ESET’s cyber security experts have published an in-depth study on a new malware called “KryptoCibule”. This exploit specifically targets Windows users with three attack methods, including installing a crypto mining app, directly stealing crypto wallet files, and replacing copy / pasted wallet addresses as a means. to hijack individual transactions.
According to the cybersecurity company, the developers of KryptoCibule rely on the Tor network and the BitTorrent protocol to coordinate attacks.
The original incarnation of the malware first appeared in December 2018. At the time, it was simply a Monero mining utility that silently gathered the user’s system resources to generate the currency. In February 2019, KryptoCibule evolved to include ways to exfiltrate crypto wallet files from victims’ machines. Since then, the malware has added a third dimension to its attack base with the inclusion of kawpowminer, an application that mines Ethereum (ETH).

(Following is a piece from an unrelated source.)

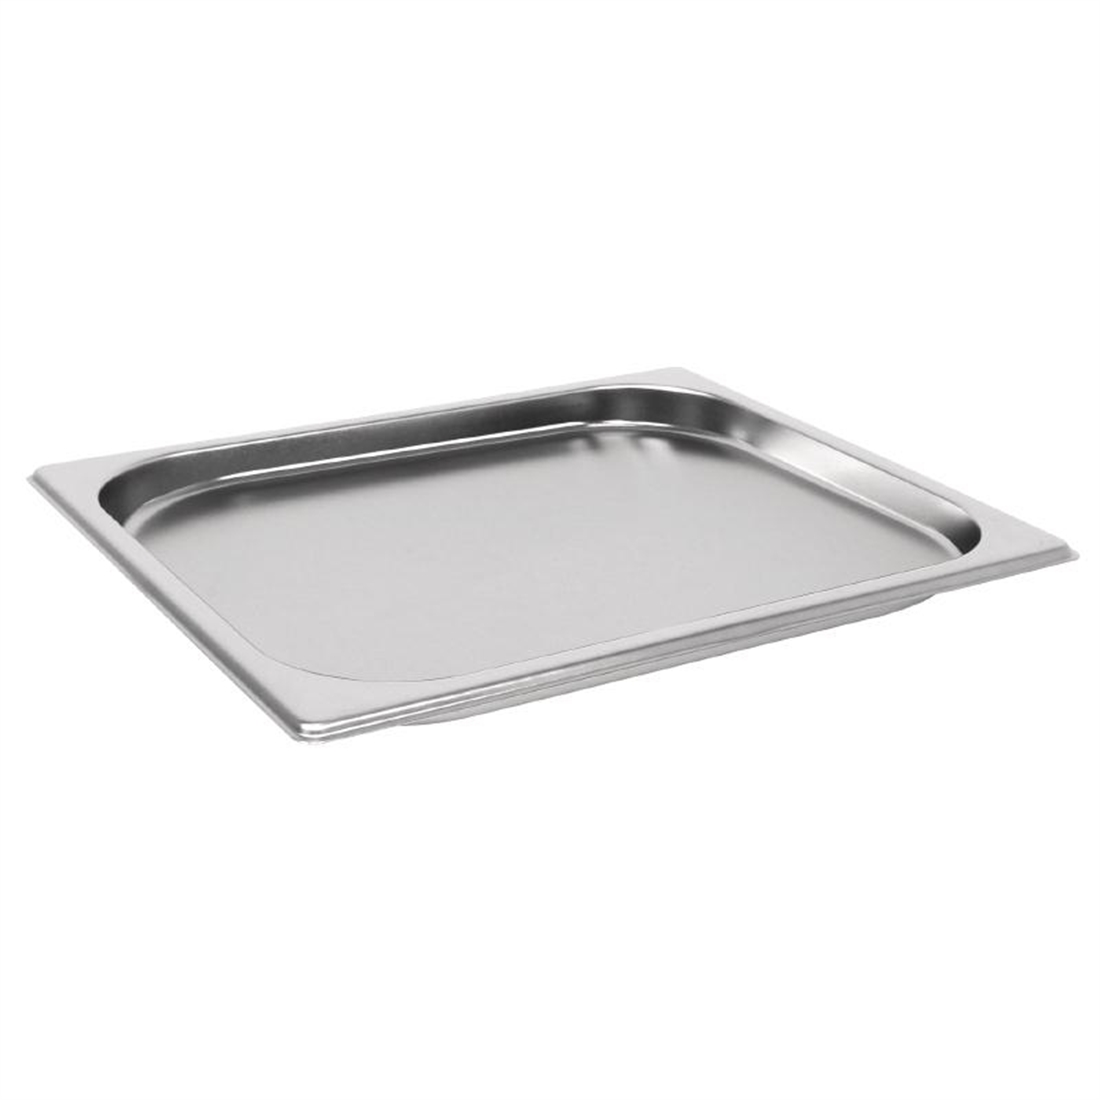 Vogue Stainless Steel Heavy Duty GN 1/2 Pan 20mm

ESET telemetry revealed that victims actively downloaded infected torrent files containing KryptoCibule via a file sharing site called Uloz. Most appear to be located in the Czech Republic and Slovakia.
The researchers noted that despite its age, the malware “doesn’t seem to have attracted much attention so far”:
“Allegedly the malware operators were able to make more money by stealing wallets and mining cryptocurrencies than we found in the wallets used by the clipboard hijacking component. The revenue generated by that component alone does not seem sufficient to justify the effort to observed development “.
Cybersecurity firm Symantec noted in August that Blockchain assets began to rise in price after the March slump, claiming that this triggered a new wave of cryptojacking attacks.